# Best fillet Knife



## Deerhunter12454 (Feb 12, 2018)

What's the best fillet knife? Something that keeps an edge, and isn't a piece of junk


----------



## Mokai Man (Feb 13, 2018)

Deerhunter12454 said:


> What's the best fillet knife? Something that keeps an edge, and isn't a piece of junk



The Bubba Blade works well for me.


----------



## Dustin Pate (Feb 13, 2018)

I use an electric if possible, but I always keep the following knife at hand. It is a great blade.

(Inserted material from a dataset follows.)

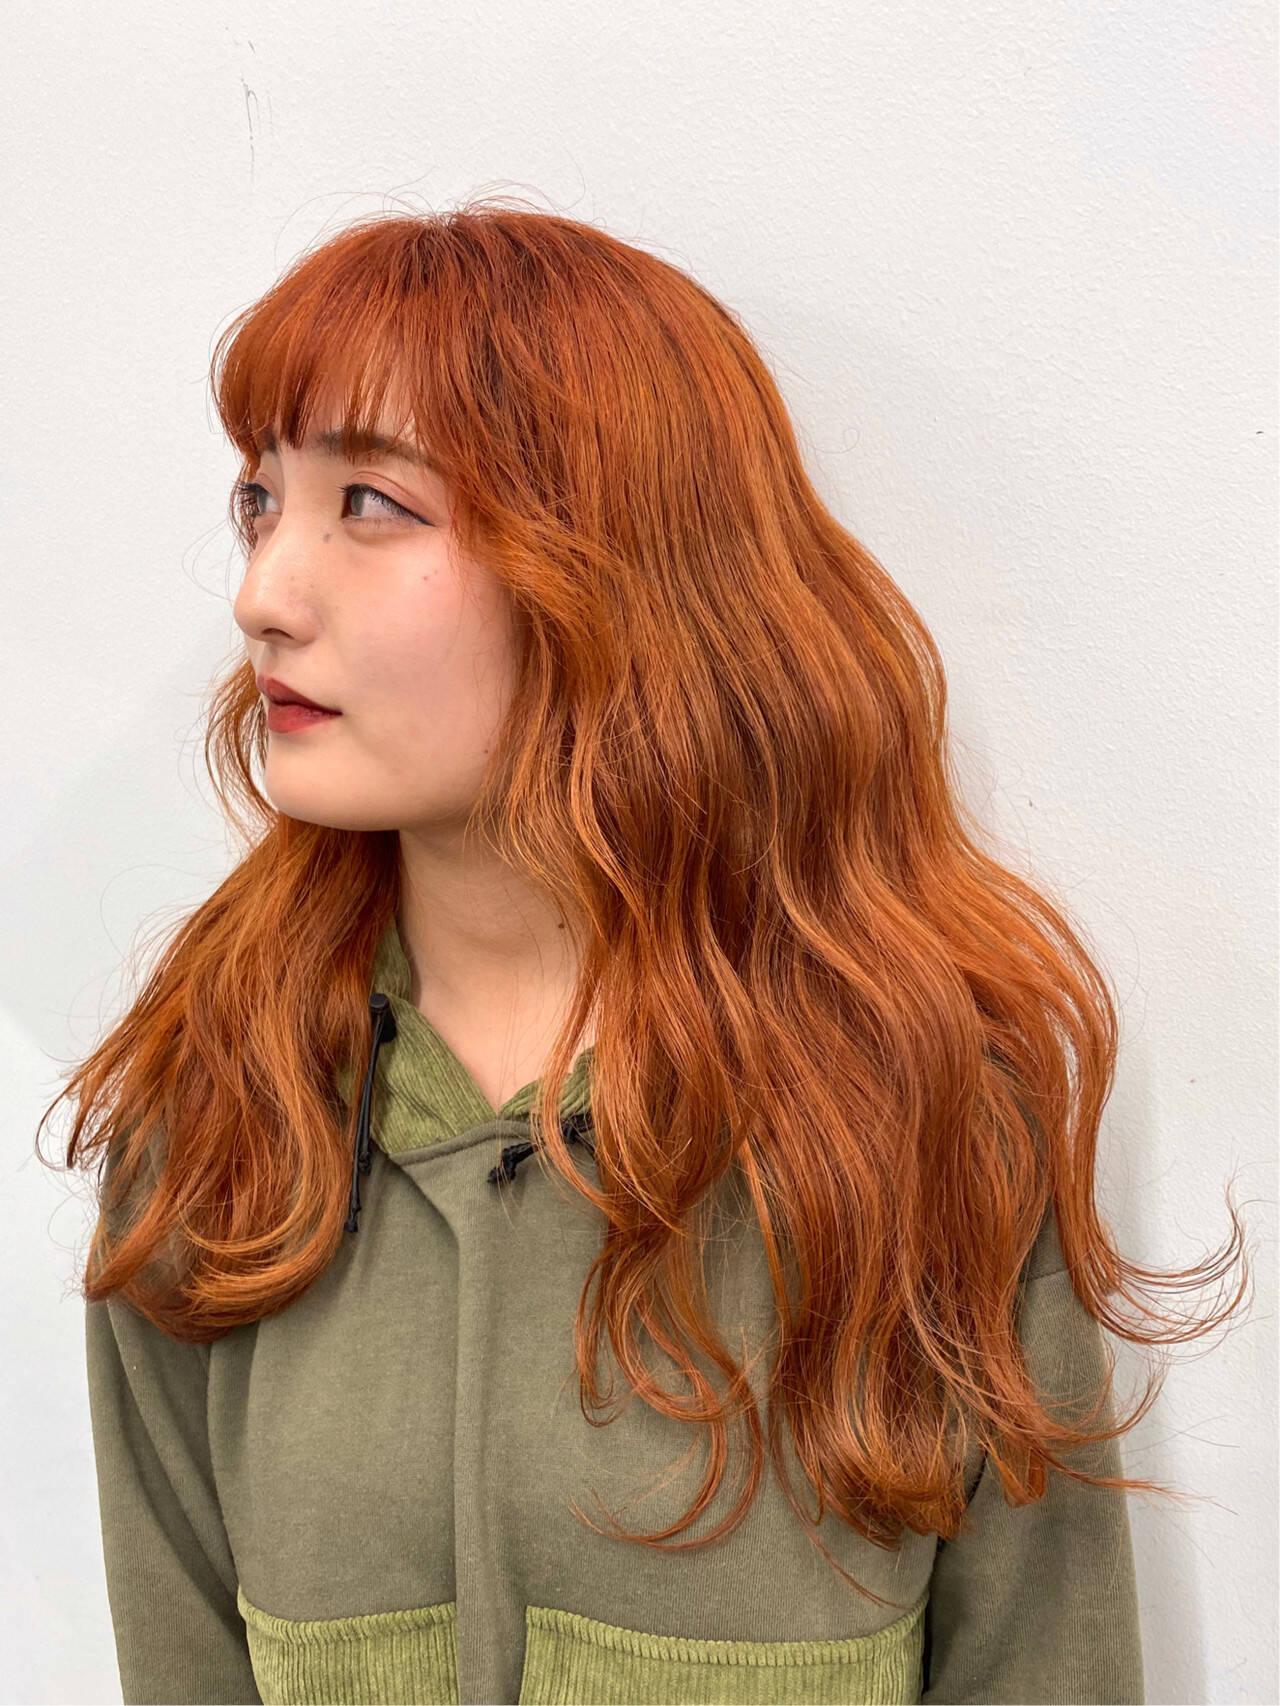 アプリコットオレンジ ロング オレンジカラー モテ髪ヘアスタイルや髪型の写真・画像

https://www.smkw.com/victorinox-cutlery-6-flexible-curved-boning-knife


----------



## craSSh (Feb 13, 2018)

I like Dexter and Rapala


----------



## jasper181 (Feb 13, 2018)

Ive used Dexters for years both personally and professionally.


----------



## notnksnemor (Feb 13, 2018)

I've used Mundial for the last 30 years.


----------



## GLS (Feb 13, 2018)

For the money it's hard to beat the Rapala.  Just don't cut through the rib cage or backbone.


----------



## doomtrpr_z71 (Feb 13, 2018)

My wife got me a new buck Clearwater and it has become my favorite over my Kershaw and rapala


----------



## T-Boy (Feb 18, 2018)

For large fish like King Mackerel I use a Cutco 9 inch Carver straight blade. It holds a good edge and stays sharp. I buy them on ebay.


----------



## Jack Ryan (Feb 18, 2018)

Deerhunter12454 said:


> What's the best fillet knife? Something that keeps an edge, and isn't a piece of junk



"Bakers and Chefs" chef knives from Sam's club.


----------



## xdguy226 (Feb 20, 2018)

*Mora*

Mora all the way!! Can't beat the price for Sandvick steel.


----------



## flatsbroke22 (Feb 21, 2018)

NOTNKSNEMOR said:


> I've used Mundial for the last 30 years.



I use them as well but I will say any decent knife and one of these will do the job. It has brought back all my knives to super sharp!


----------



## Dr. Strangelove (Feb 21, 2018)

I like my Dexter Russel purchased at a bait shop on Hatteras about 25yrs ago. Any restaurant supply place should have them for $10 or roundabouts. You can spend a lot more money if you like, but it's always done fine by me. It's stamped P94818 on the blade and is 8" long.


----------



## Heathern (Feb 23, 2018)

xdguy226 said:


> Mora all the way!! Can't beat the price for Sandvick steel.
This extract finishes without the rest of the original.